# INSTRUCTIONS TO FOLLOW
A word-for-word copy of the data, with no images, is the required answer.

# SUPPLIED DATA
*****

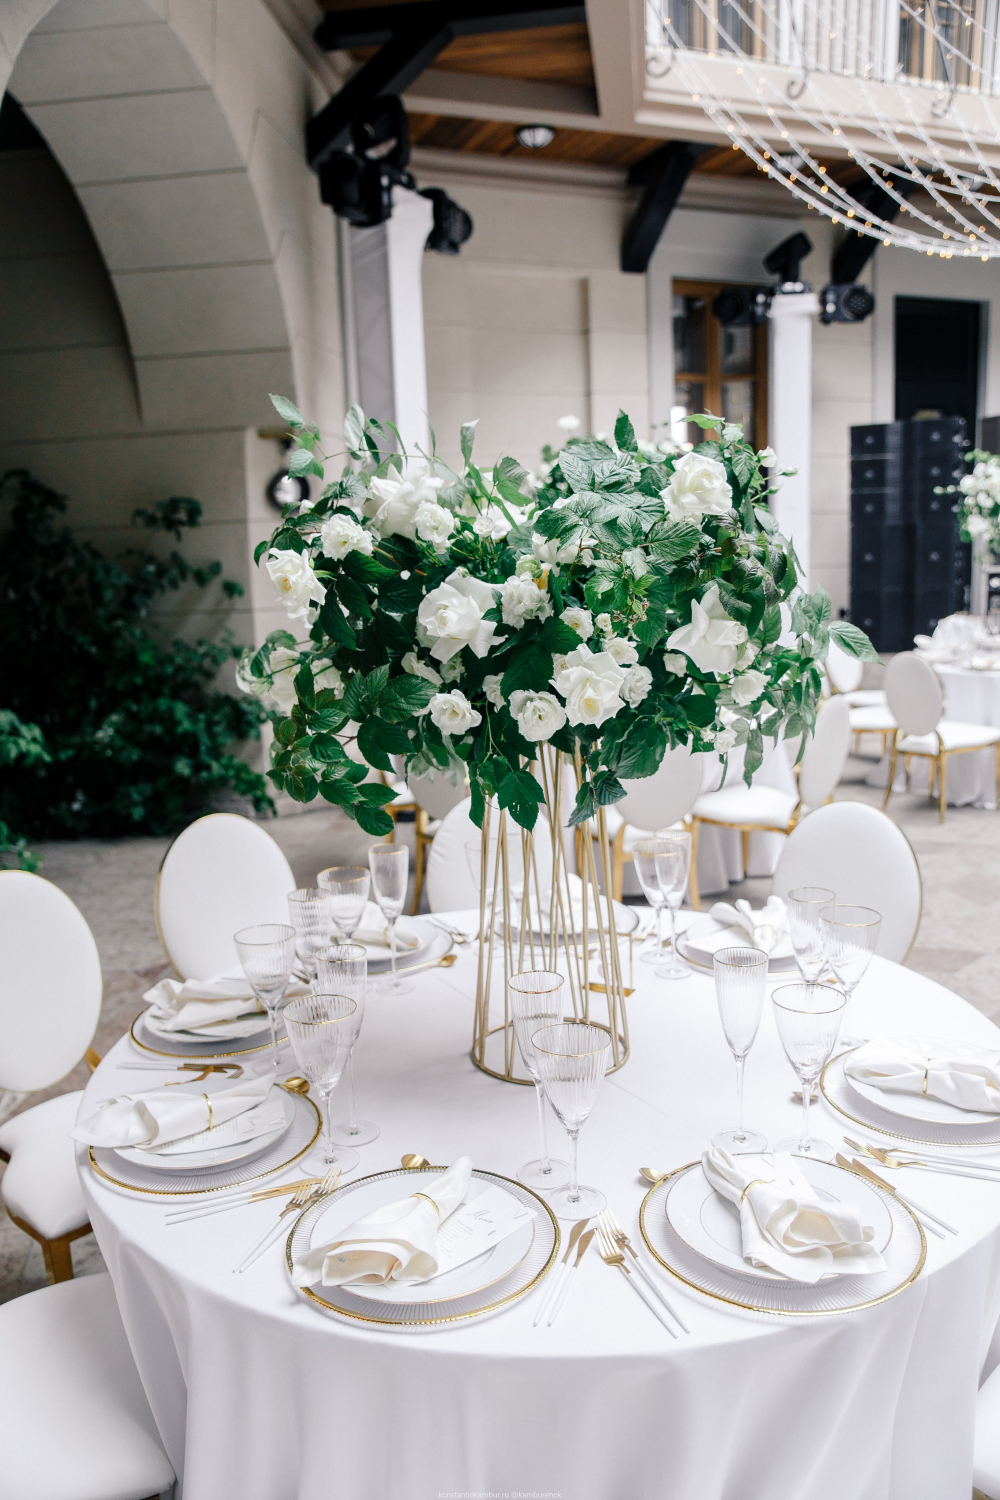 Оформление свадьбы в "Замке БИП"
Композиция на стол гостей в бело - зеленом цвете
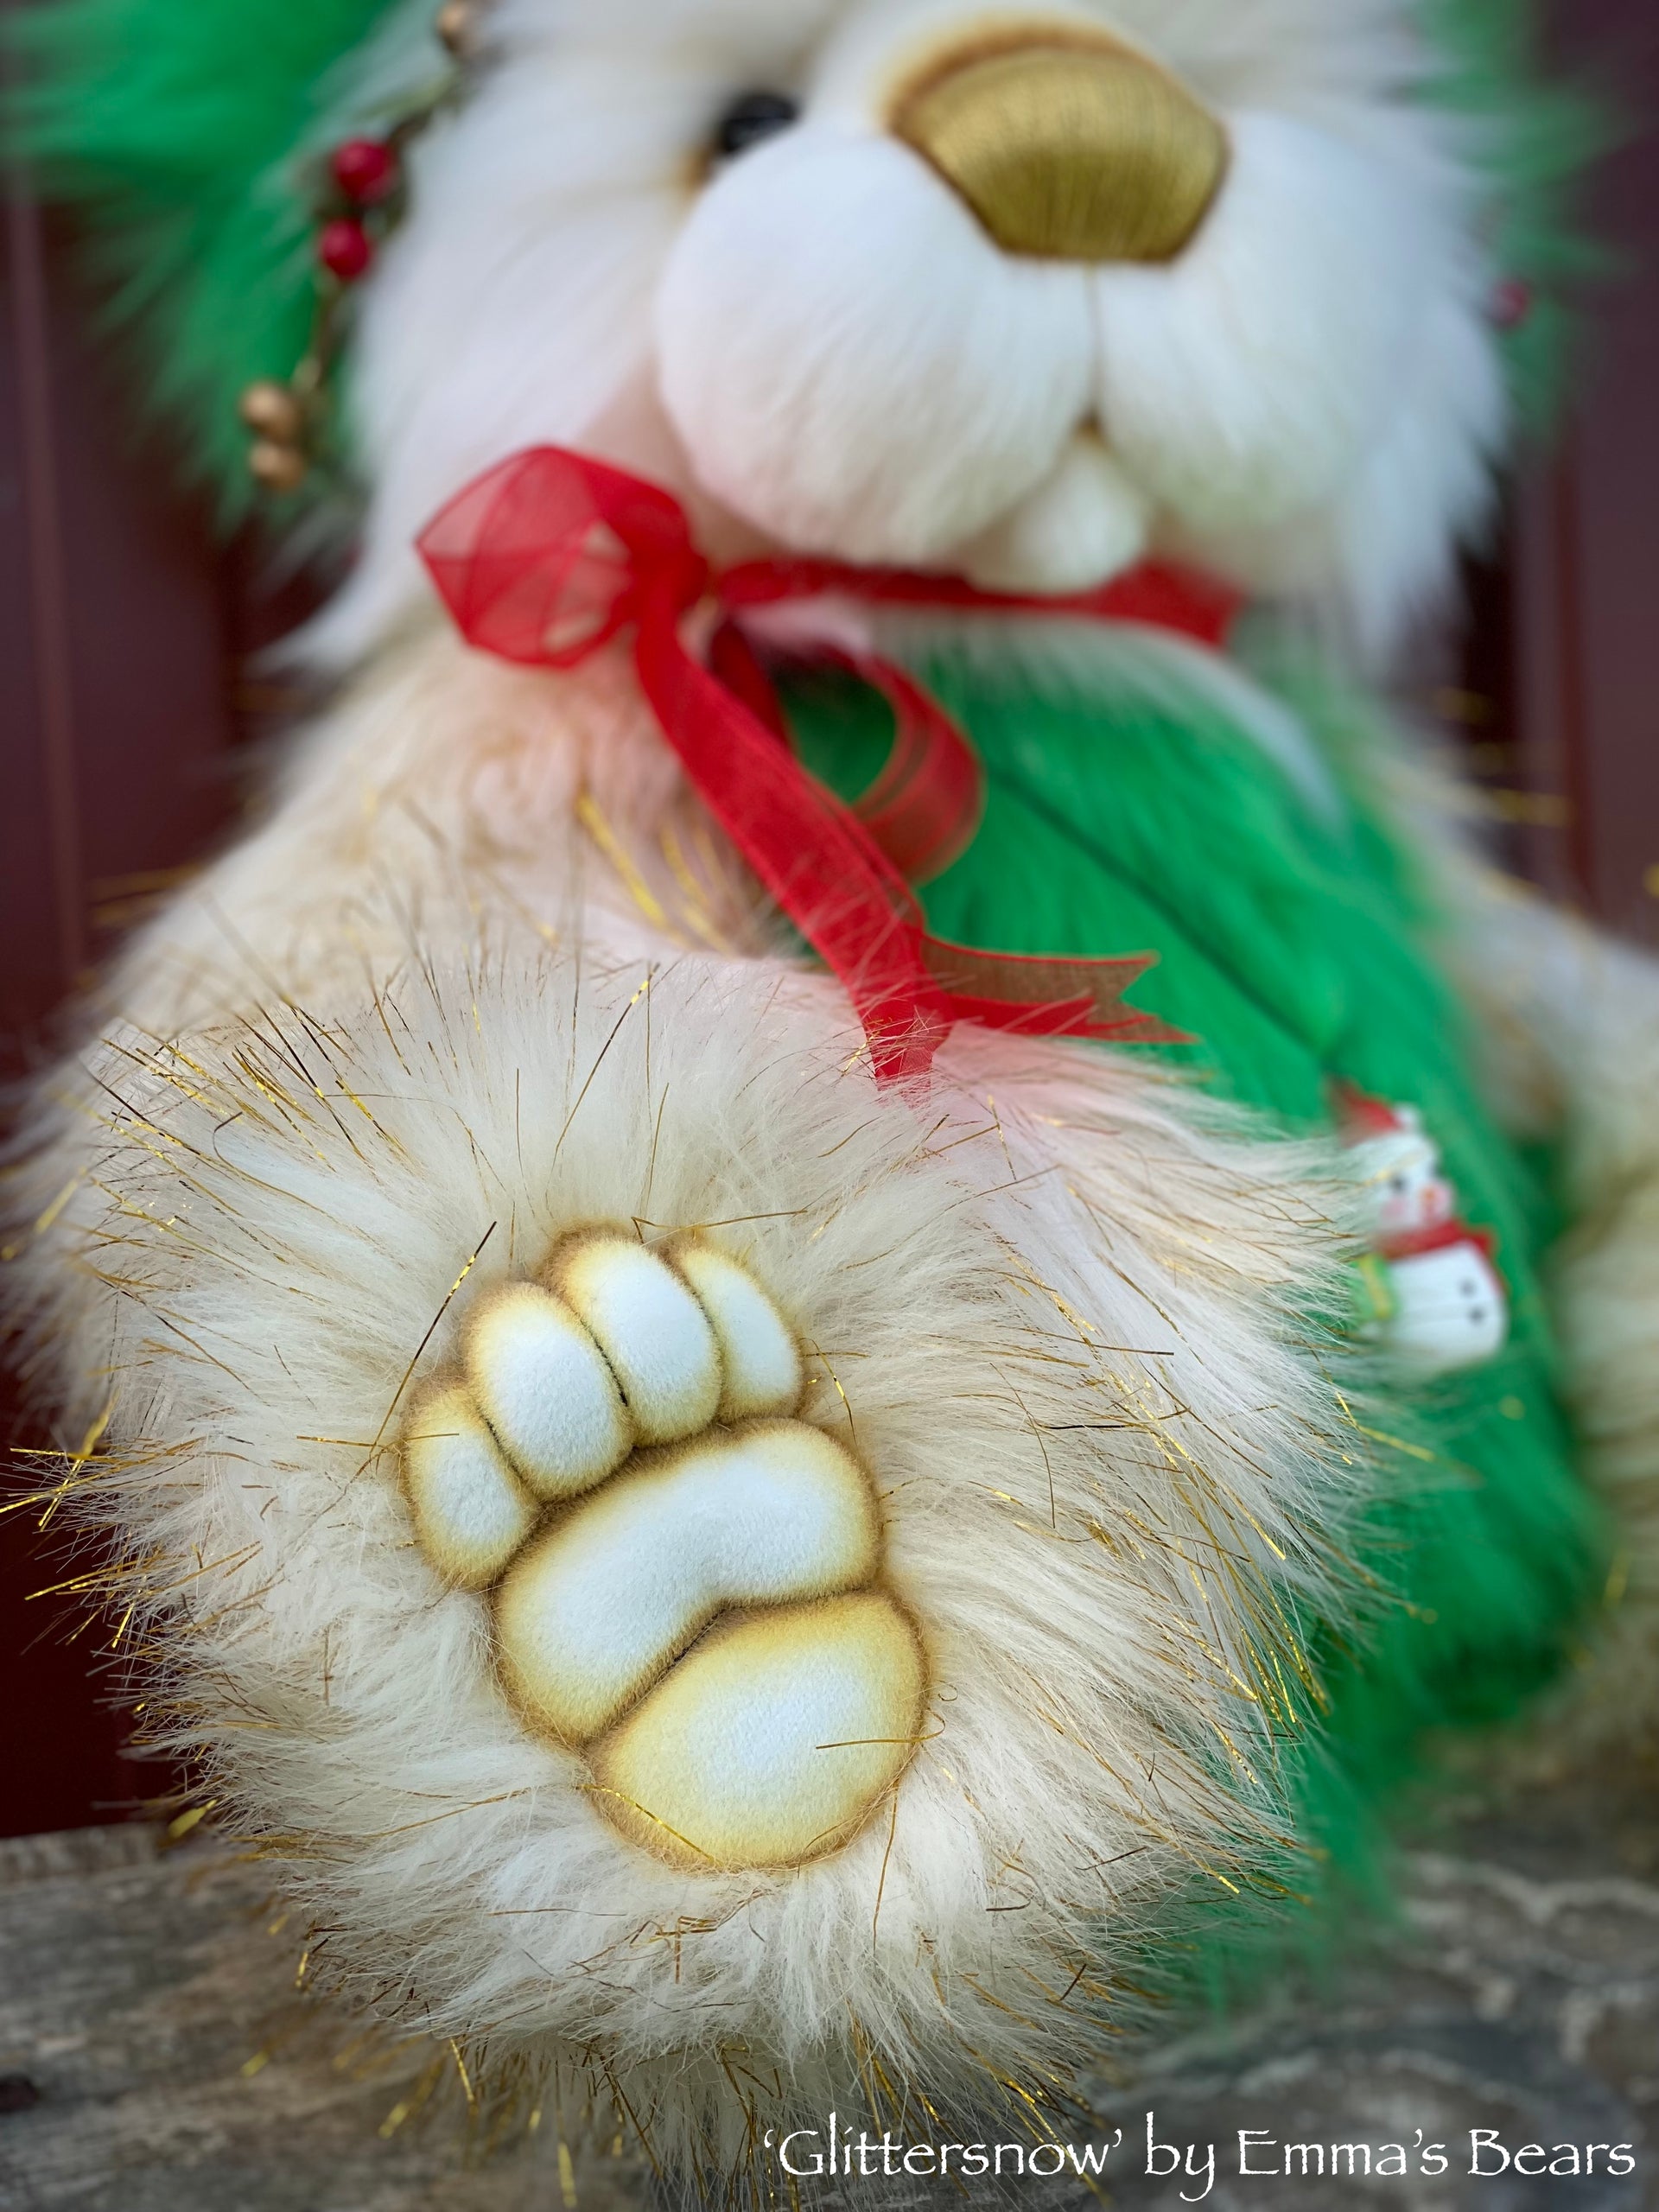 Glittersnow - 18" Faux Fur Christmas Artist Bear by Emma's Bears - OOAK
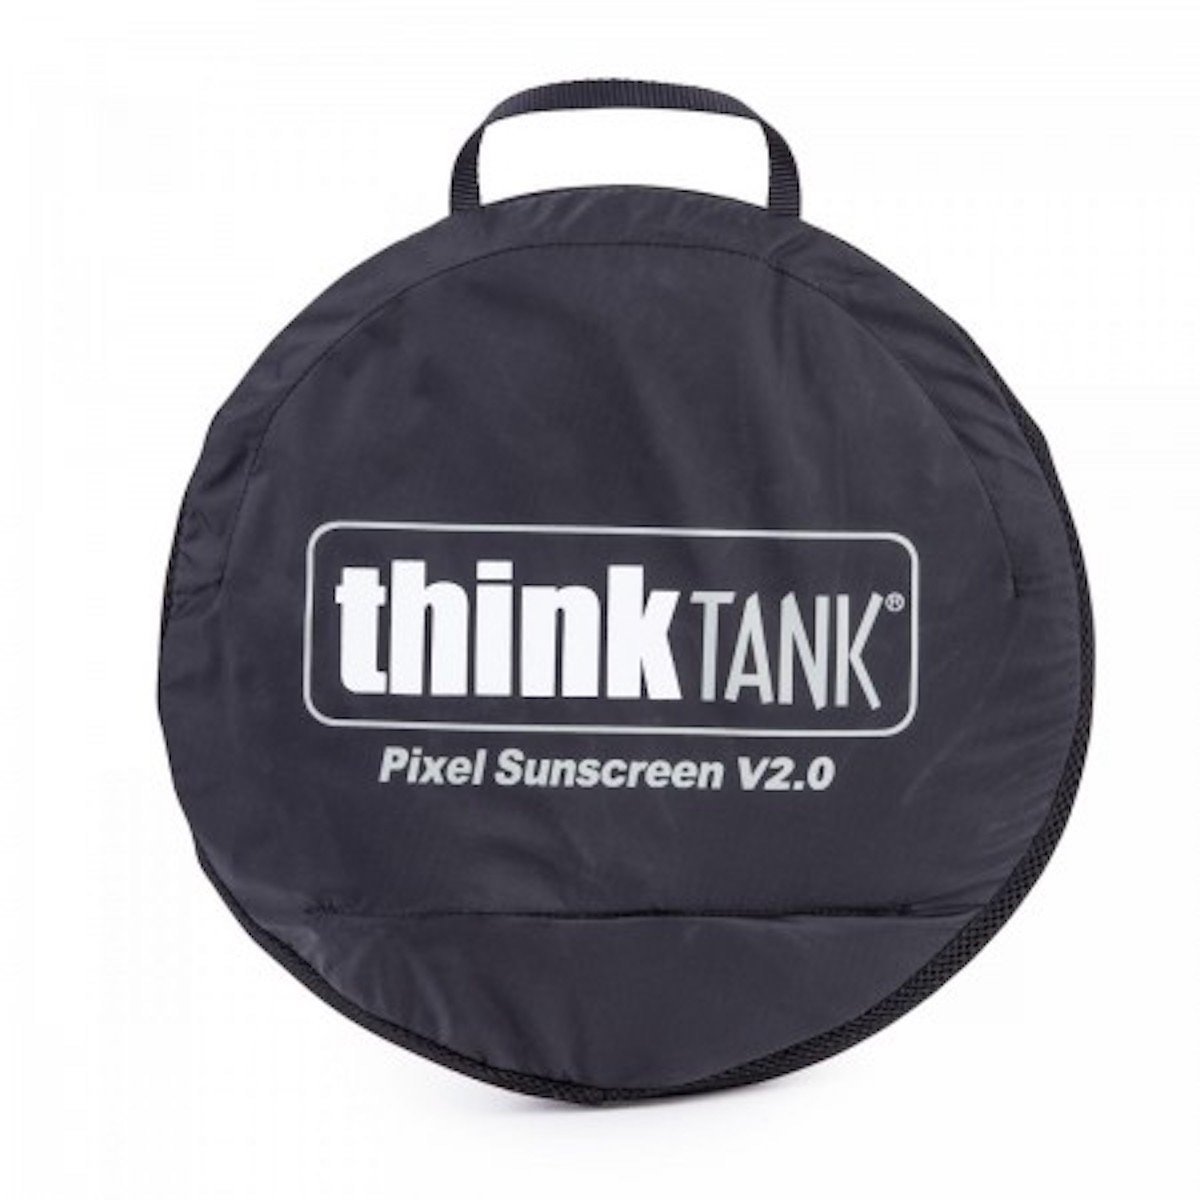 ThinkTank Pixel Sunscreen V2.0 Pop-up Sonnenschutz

*****

# SOLUTION FOR THIS PROBLEM
 Оформление свадьбы в "Замке БИП"
Композиция на стол гостей в бело - зеленом цвете
 Glittersnow - 18" Faux Fur Christmas Artist Bear by Emma's Bears - OOAK
 ThinkTank Pixel Sunscreen V2.0 Pop-up Sonnenschutz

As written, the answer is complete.